It is demonstrable, then, that absolutes do exist, in spite of the current dogmas of Academe or prevailing educational theories. Everything is NOT relative; there ARE absolutes, and their reality is available to any rational human mind, not just those who have subjected themselves to the Magisterium of the Church or the teachings of the pope.

Note that we are not talking here, as Senator Joseph Biden once declared, of the laws of nature, or the laws of animal behavior, or "what comes naturally". Those are cartoons of Natural Law. We're talking about something far more than those impertinencies of the good Senator.

Natural Law is found in human reason; human reason discovers Natural Law. Natural laws are those first principles, those self- evident principles, that require no proof; that demand the assent of the human mind, unless it wishes to risk insanity; they are not simply the utterances of popes or bishops or other divines. And no religious group can claim proprietary ownership over them.

They have, however, been the ground upon which an entire series of papal encyclicals have been built, beginning with Pope Leo XIII's Rerum Novarum, followed by Pius XI's Quadragesimo Anno, John XIII's Pacem in Terris, along with many of Pope John Paul II's encyclicals and other papal teachings. The right to private property, is a Natural Law right. And so are a just wage, the right of workers to organize, religious freedom, freedom of speech, and those truths which our Founding Fathers thought to be self-evident in their listing in our Declaration of Independence. Benjamin Franklin, Alexander Hamilton, James Madison and Thomas Jefferson grounded the foundation of these United States upon Natural Laws, those first principles which are so fundamental and so self-evident as to trivialize all attempts to "prove" them to be true.

As I have said, the Catholic Church has no proprietary ownership of Natural Law. The problem of our day, however, is that she is the only major world institution that continues to rely on it and build upon it her teachings about our human social contract, social morality, and the social order. Thus it is that, ours being a pluralistic society, many folks belonging to other pluralities mistakenly claim we're "imposing our values" upon them by referencing our thought upon Natural Law.

Yet nothing could be further from the truth. Natural Law is available to all, can be claimed by all, and is "owned" by all. It could, to my way of thinking, provide a common language, a jointly shared lexicon, a bridge, enabling all in our culture engage in civil discourse using denominationally neutral language, terms, and concepts.

Too bad that Natural Law is held in such disregard by so many. Too bad that its character was used with such disfigured distortions as political weapons when Messrs. Robert Bork and Clarence Thomas were nominated to our Supreme Court.

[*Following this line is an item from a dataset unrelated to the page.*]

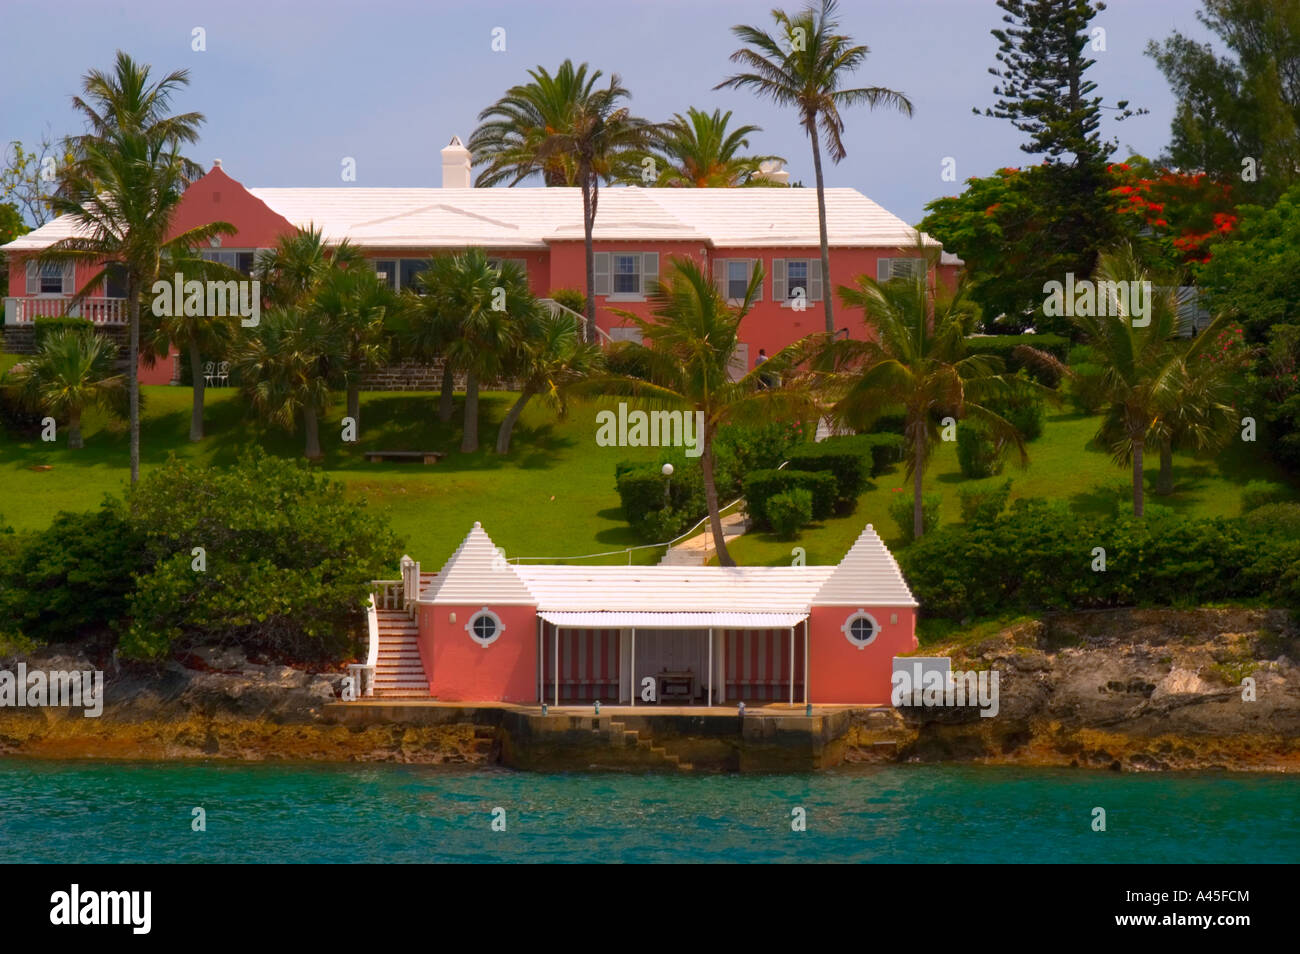 Maison à Pembroke Parish donnent sur la baie d'une remise à bateaux imite le design et la couleur de la demeure plus élevé sur la colline Banque D'Images

And, sad to say, too bad it hasn't grounded the jurisprudential thinking of our Supreme Court Justices in the critical decisions they have been called upon to render in this latter half of our Twentieth Century.

Perhaps Natural Law will fare better in the next millennium, a time in which I hope we begin to restore order out of the "value free" cultural chaos in which we are presently watching our social order implode at the end of this millennium.

POSITIVISM vs. NATURALISM

When one journeys back to the foundational sources of Law one is immediately confronted with a "Y" in the path; one branch leads to naturalism, the other to positivism.

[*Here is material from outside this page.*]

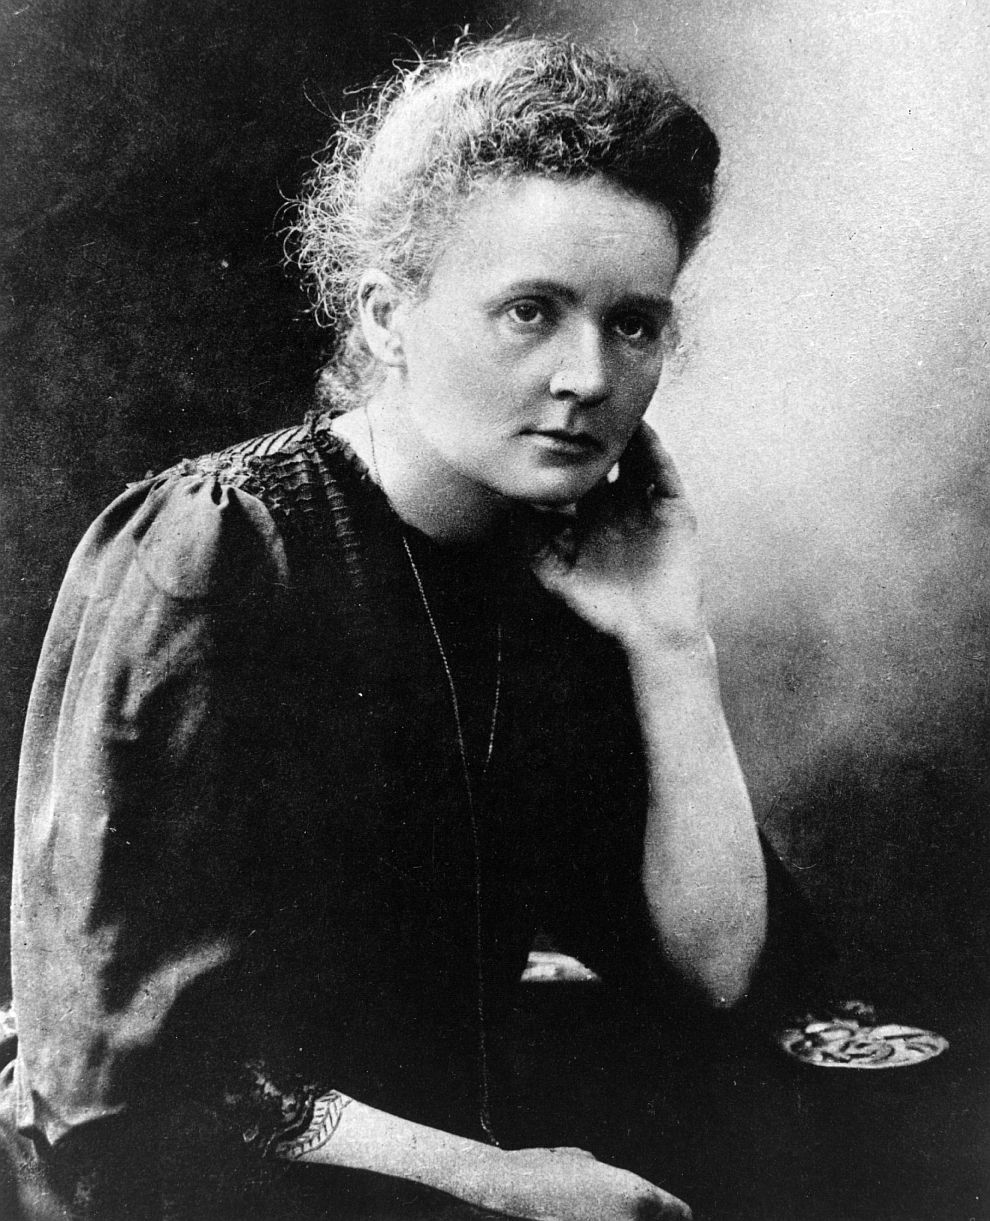 През 1911 г. Мария Кюри отново печели Нобелова награда, този път за химия, и става първият двукратен носител на престижното отличие.

Naturalists affirm that there are rules of human conduct, laws if you will, which were not invented or created by the human mind but which exist in the nature of things, and which the human intellect uncovers, which it discovers through its rational powers. These precede the enactment and implementation of particular laws governing conduct in a particular society or culture.

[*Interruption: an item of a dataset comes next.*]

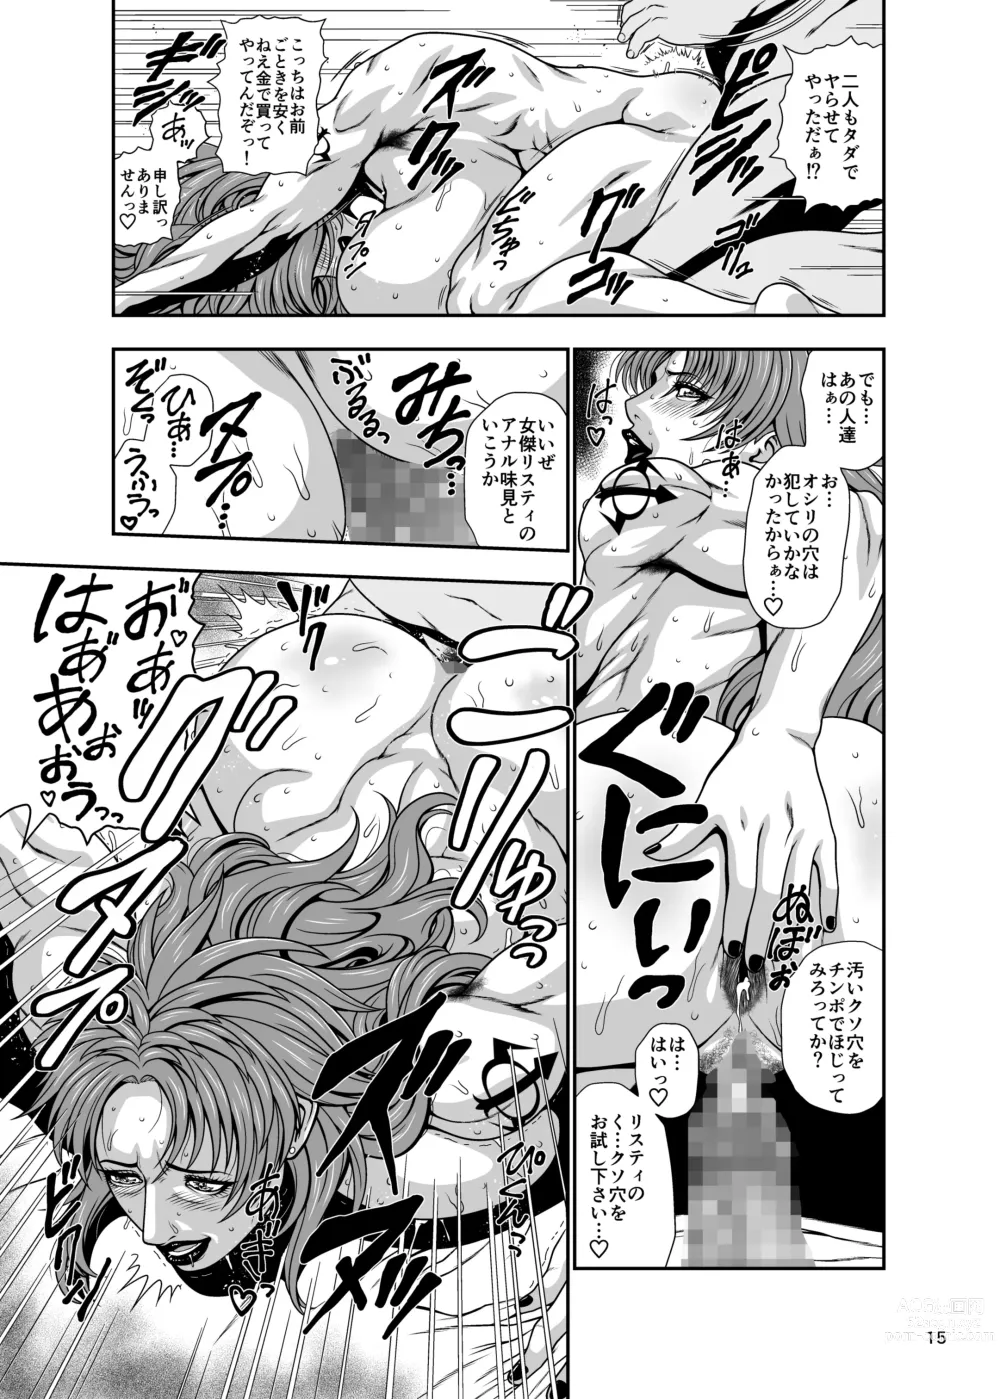 Page 15 of doujinshi Kouya no Gizoku no Zenra Houmon Service

The Positivists, on the other hand, affirm that all laws are the product of the sovereign legislator who "posits", or places them in being, by human will. The totality of their authority is based not upon reason, but upon the will of the law maker/giver. The laws of the Positivists are not rationalized, nor, in many instances, can they be rationalized. They are simply imposed by authoritarian or majoritarian law maker/givers.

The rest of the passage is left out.